L’agriculture biologique est un système de gestion de la production agricole basé sur l’amélioration de la santé des agroécosystèmes, qui comprend les cycles biologiques, la biodiversité et l’activité biologique des sols. L’une de ses principales singularités est qu’elle se concentre sur la bonne utilisation des pratiques de gestion agricole, en adaptant localement les pratiques aux conditions de chaque région. Les agricultures biologiques présentent de nombreux avantages. Lesquels ?

L’agriculture biologique contribue à la santé des sols

L’alimentation biologique attire l’attention d’un nombre croissant de consommateurs, car elle est perçue comme un choix éthique et sain. Cependant, ses avantages ne s’arrêtent pas là, car les pratiques d’agriculture biologique présentent de nombreux avantages pour la durabilité environnementale. La base pour obtenir des aliments sains est d’obtenir un sol sain. Les pratiques agricoles naturelles, qui n’utilisent ni pesticides ni produits chimiques, favorisent la prospérité de sols sains. Par rapport aux sols traités chimiquement, les sols organiques riches en compost peuvent non seulement abriter 10 fois plus de bactéries utiles, mais ils offriront, également, une bien plus grande diversité. L’agriculture biologique utilise la matière organique comme base de fertilisation. Cela a deux conséquences directes. D’une part, une amélioration de la circulation de l’eau et de la croissance des racines, ce qui favorise le développement des cultures et des plantes. D’autre part, l’augmentation de la fertilité chimique du sol, qui se traduit par la teneur en éléments nutritifs que les cultures utilisent pour pousser.

Moins d’expositions aux pesticides et produits chimiques

L’agriculture biologique empêche la résistance aux maladies présentées par les plantes, les mauvaises herbes et les insectes, qui se nourrissent de bactéries, de champignons et de plantes, en raison de l’utilisation de pesticides. De plus, les produits chimiques peuvent contaminer les sols, les réserves d’eau et l’air, parfois pendant de nombreuses années. L’agriculture écologique empêche l’érosion en évitant les problèmes environnementaux nocifs, en plus de s’appuyer sur la rotation des cultures et les cultures de couverture. Pour garantir les produits adaptés à une utilisation en agriculture biologique, il existe des organismes de contrôle et de certification qui approuvent les produits autorisés pour cela. L’agriculture biologique nécessite moins d’irrigation et contribue donc à la conservation de l’eau. Les agriculteurs qui utilisent cette pratique développent une modification du sol de manière appropriée, par exemple avec l’utilisation de paillis, ce qui permet, également, de conserver l’eau.

réduction des effets du réchauffement climatique.

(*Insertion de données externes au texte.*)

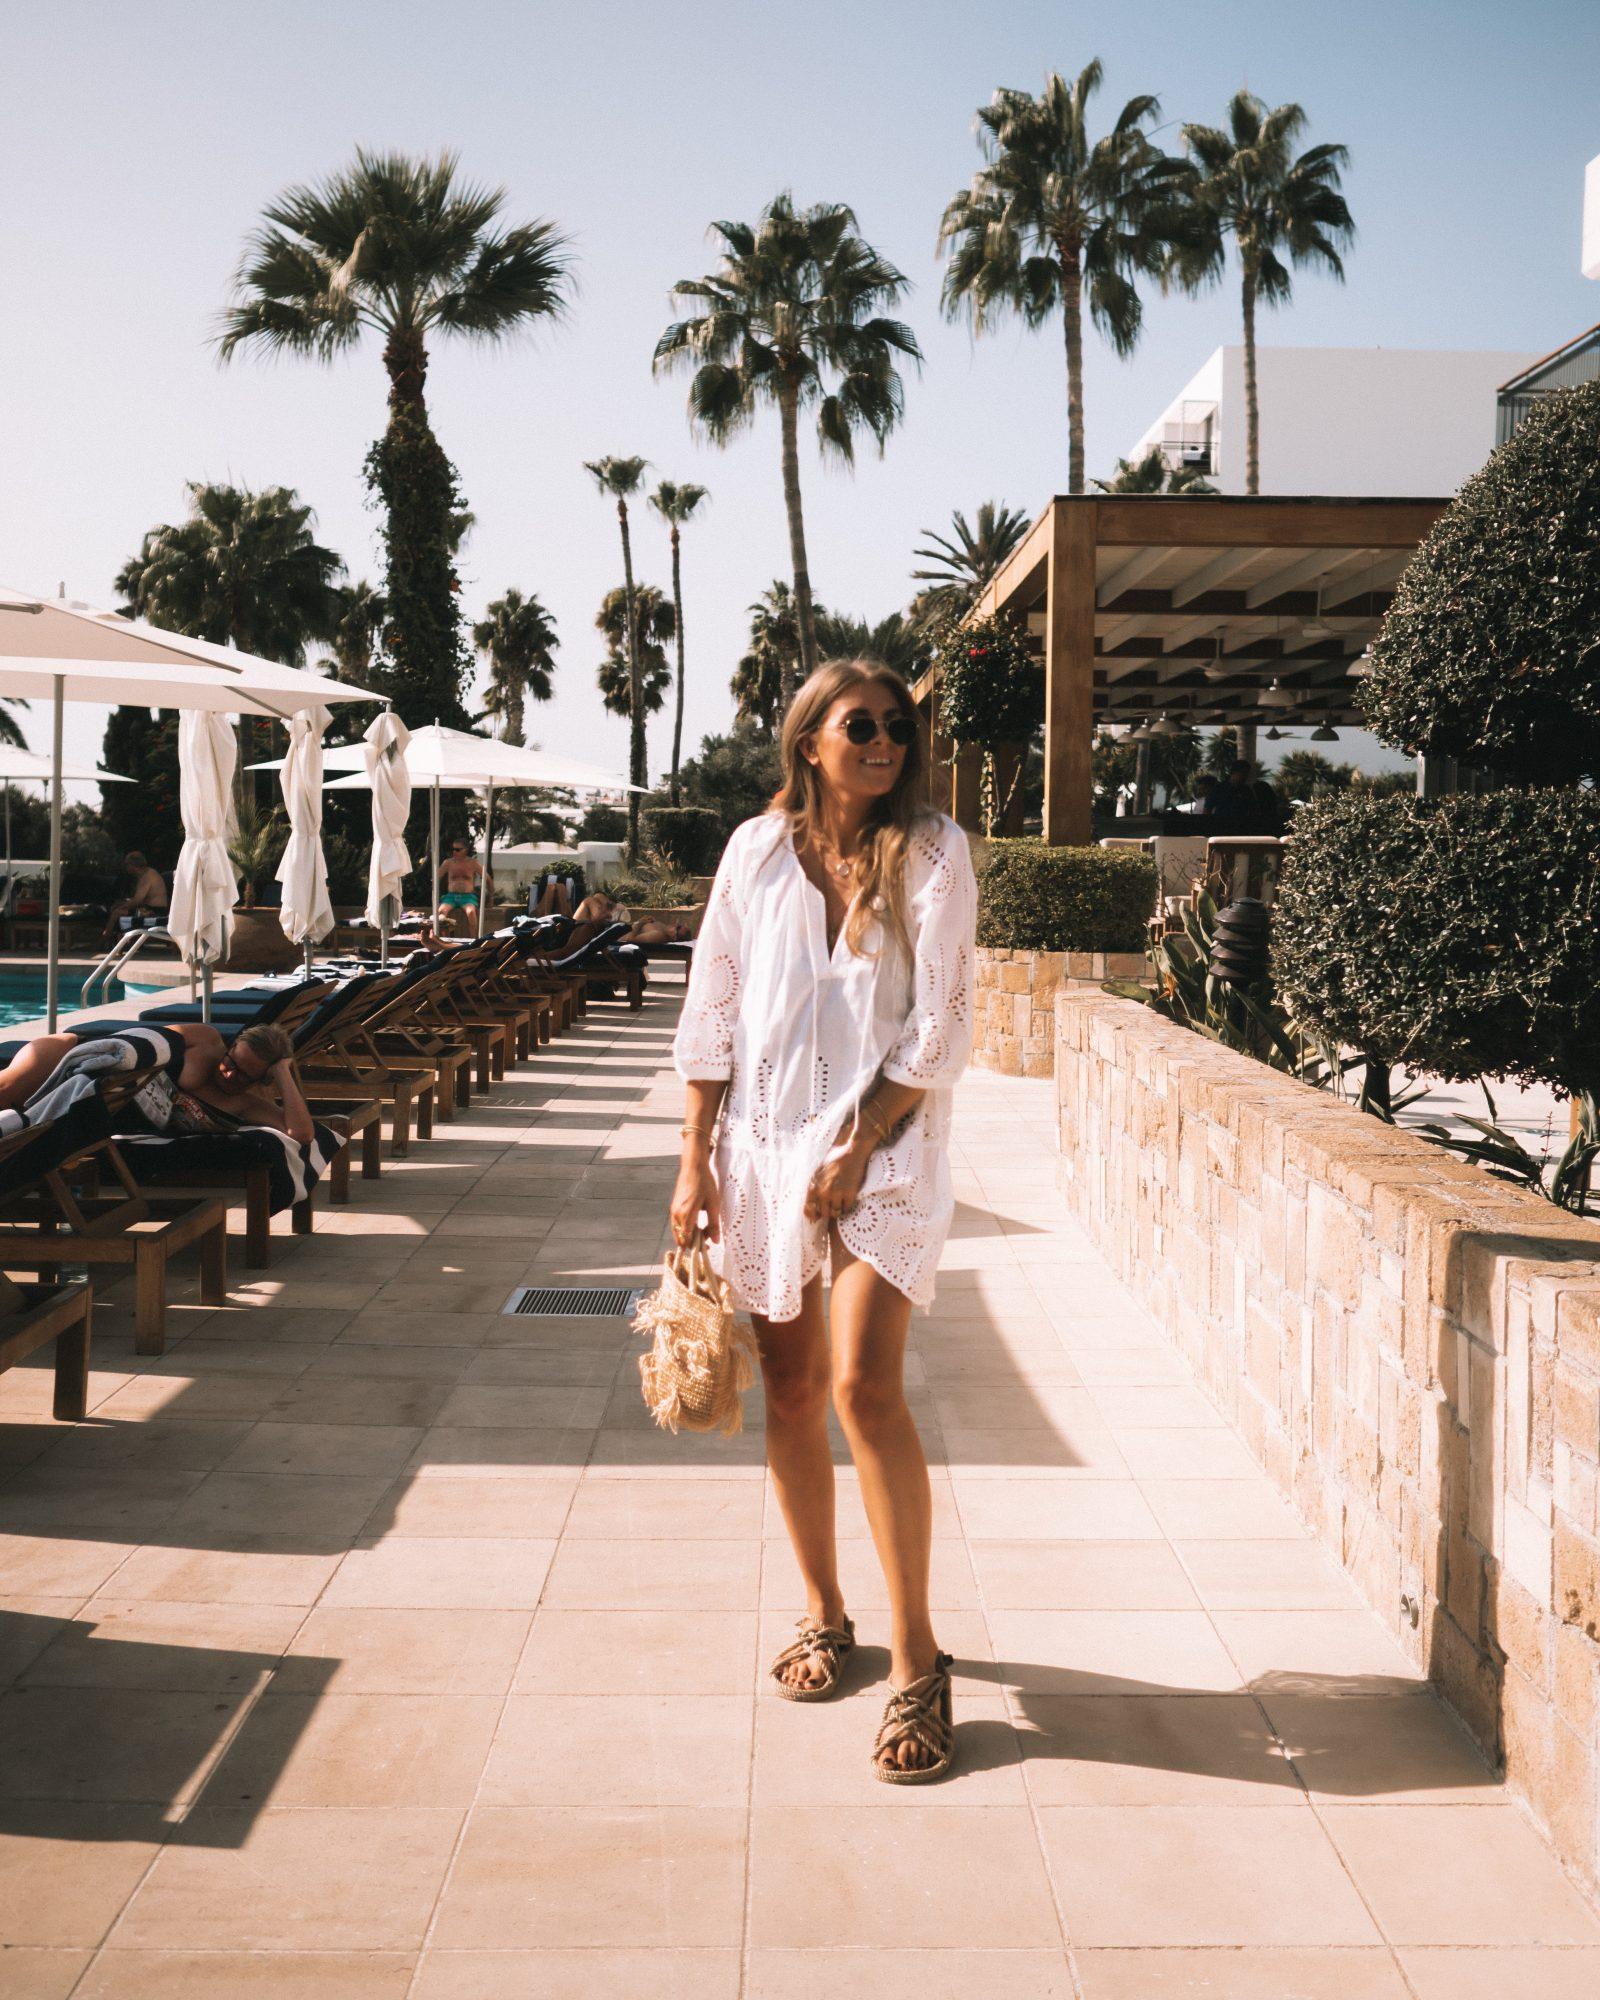 Annabelle Hotel Cyprus - Melissa Odabash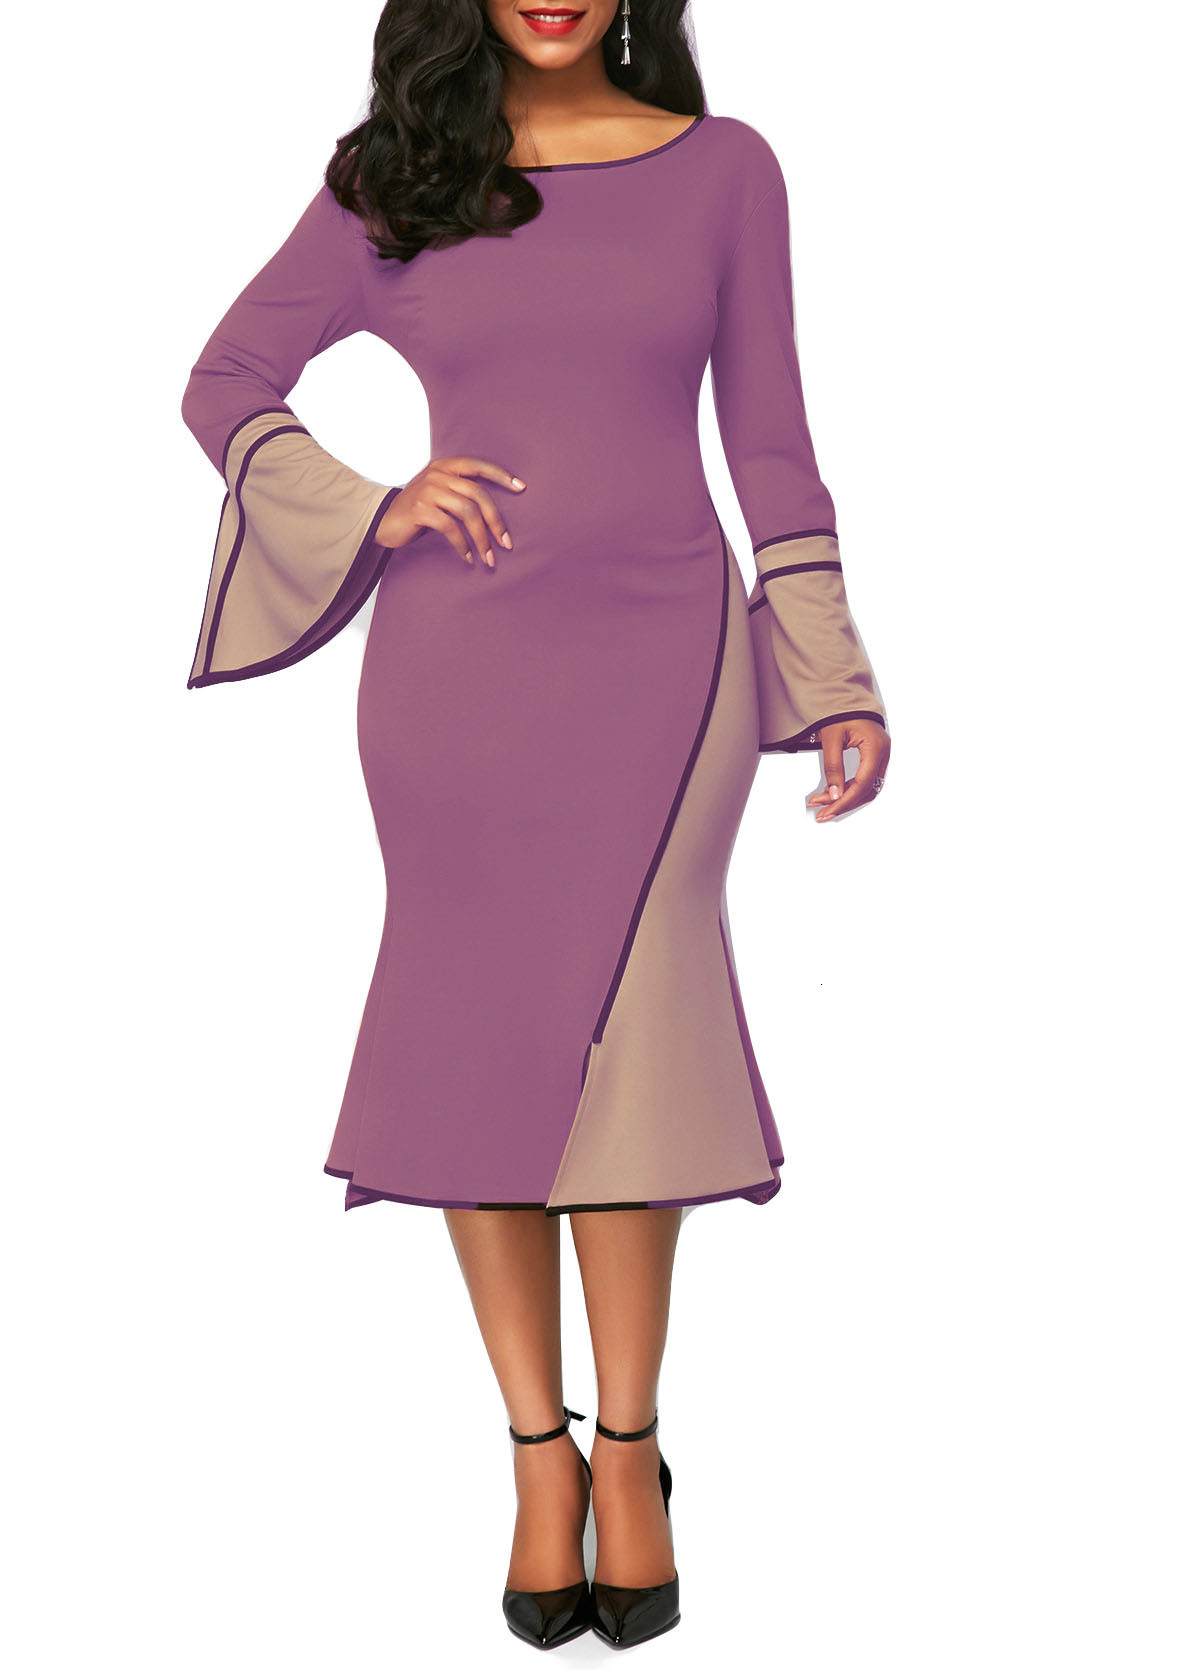 BacklakeGirls Elegant Contrast Color Round Neck Horn Long Sleeve Women Cocktail Dresses Plus Size Office Dress Sexy Formal Dress

L’agriculture biologique aide non seulement à préserver davantage de zones d’habitat naturel, mais encourage, également, les oiseaux et autres prédateurs naturels à vivre heureux sur les terres agricoles, ce qui contribue à la lutte naturelle contre les parasites. En complément des pratiques de l’agriculture biologique, on trouve des fermes biologiques avec des pâturages propres et sans produits chimiques, ce qui rend les animaux plus résistants aux maladies. L’agriculture biologique favorise la biodiversité. Ce dernier présent dans une plantation donne la mesure de la stabilité de ses cultures et de sa rentabilité. L’agroécologie encourage cette biodiversité à être élevée, ce qui augmente la résistance des champs aux maladies, aux ravageurs et à l’action des intempéries. Un système d’agriculture biologique bien appliqué aide à réduire les effets du réchauffement climatique et à atténuer le changement climatique, car il réduit les émissions de trois types de gaz : le dioxyde de carbone (CO2), le méthane (CH4) et l’oxyde nitreux (N2O). L’une de ses caractéristiques principales de l’agriculture biologique est dans la rotation des cultures. En effet, il a été prouvé qu’elle aide à prévenir des pertes d’azote dans l’atmosphère et elle génère une augmentation de la biomasse racinaire. En revanche, si l’agriculture bio trouve une réponse positive de la part des consommateurs, elle rend inutile la production d’aliments en assumant des efforts énergétiques élevés ou en les transférant depuis des pays lointains, avec l’impact environnemental conséquent que cela implique.